Mamet, for all his later brilliance, didn’t have much of that incisive
zing in his earlier years, when the other playlets in the OCC menagerie
were created. But it’s almost worth sitting through the first half of the
program to bask in the earthy hilarity of “Sexual Perversity.”
You may recall the movie version, “About Last Night,” an entertaining
flick, but lacking the outlandish sizzle of the stage version. It centers
on a young couple who meet, fall in love, move in together and then
split. But the hefty end of the funny business belongs to their
respective sidekicks.
Or at least, it should. At OCC, there’s a brilliantly blatant performance
by the male buddy (who, to be fair, has all the best lines), but not much
heat from the opposite corner. Nevertheless, it’s an R-rated riot,
competently staged by Shawn Shryer.
Angel Correa enacts the shy guy who lucks into a great relationship, and
then puts his foot into it, with a natural sense of apprehension. As the
object of his affection, a slyly grinning Dahlia Alony catches the irony
of Mamet’s dialogue nicely, missing only in the area of volume, which
could amplify her character.
The show-stopping role of Correa’s hedonistic comrade is done to a
comical crisp by C. Russell Fowler, who’ll make feminists in the audience
cringe with his misogynistic assessment of the opposite sex. It’s a
whopper of a characterization, unfortunately unmatched by Alison
Hartson’s tepid interpretation of Alony’s gal pal, whose put-downs lack
the requisite punch.
The other Mamet offerings, which comprise the first act, are little more
than theater exercises. The best of this bunch is “4 a.m.,” directed by
Gary B. Finesilver, involving an all-night talk show host and a goofy
caller who wants to resurrect the DNA of all the world’s dead people and
relocate them on Jupiter.
Hugh Goodearl produces a pungent radio host, pleasantly dissecting the
nut case without really putting him down. Stephen Isaac Moore plays the
caller as though he’s from Jupiter himself, a study in comic hesitation.

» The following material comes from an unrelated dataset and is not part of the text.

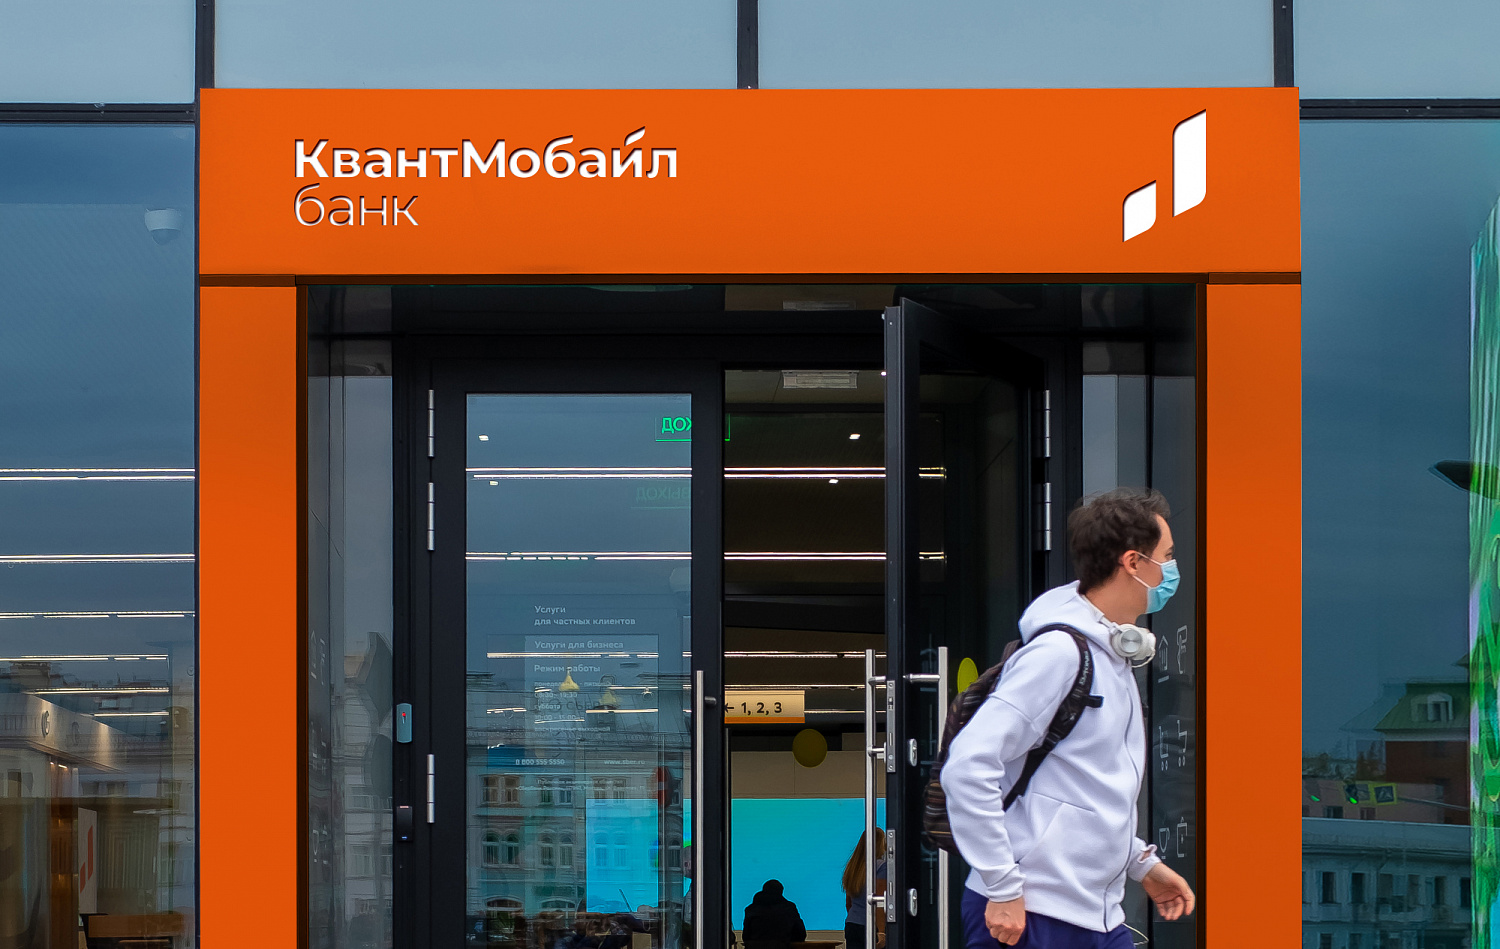 Kvant Mobile Bank - Портфолио Depot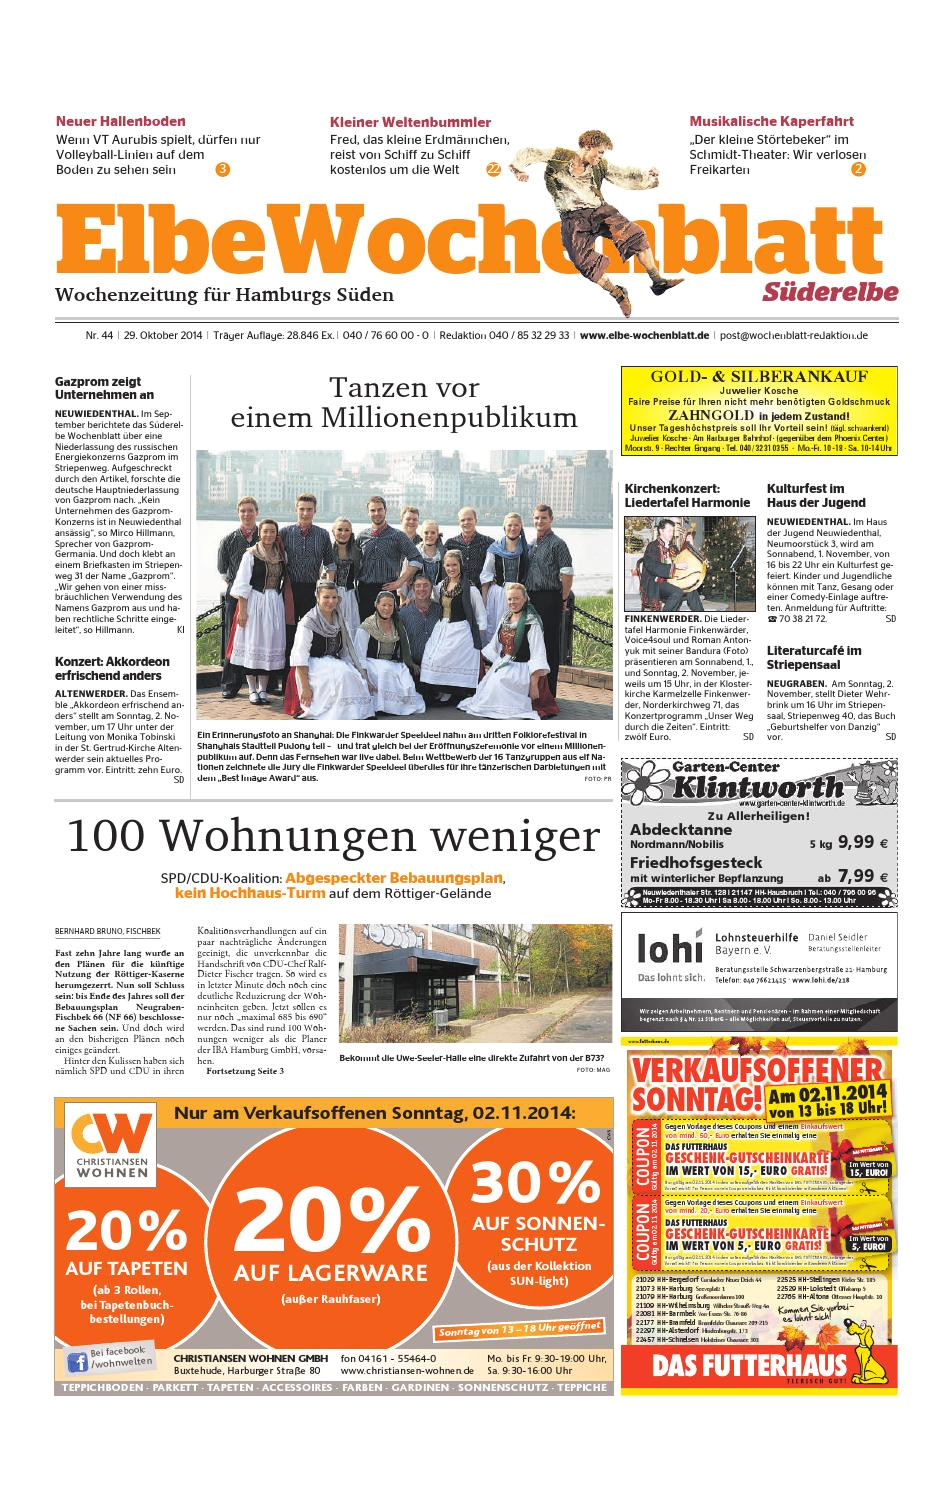 suderelbe kw44 2014 by elbe wochenblatt verlagsgesellschaft mbh co kg issuu

“The Blue Hour” is a collection of skits possibly patterned on Edward
Albee’s “The Zoo Story,” each involving two people -- an aggressor and a
passive personality. They bear the imprint of a playwright in
development, none of them traveling full circle.
Their common bond is everyday frustrations, and Sherrie Stone hits the
mark best in the opener as a woman protesting her doctor’s over-inflated
bill.
Others involving the purchase of a wardrobe, two businessmen on an
airplane and two others waiting for a bus have all the consistency of
soggy cereal.
Nevertheless, “Sexual Perversity in Chicago” makes the evening
worthwhile, and could have been an event in itself.
WHAT: “I Think, Therefore I Mamet”
WHERE: OCC Studio Theater
WHEN: Closing performances tonight at 8 p.m., Sunday at 2 and 7 p.m.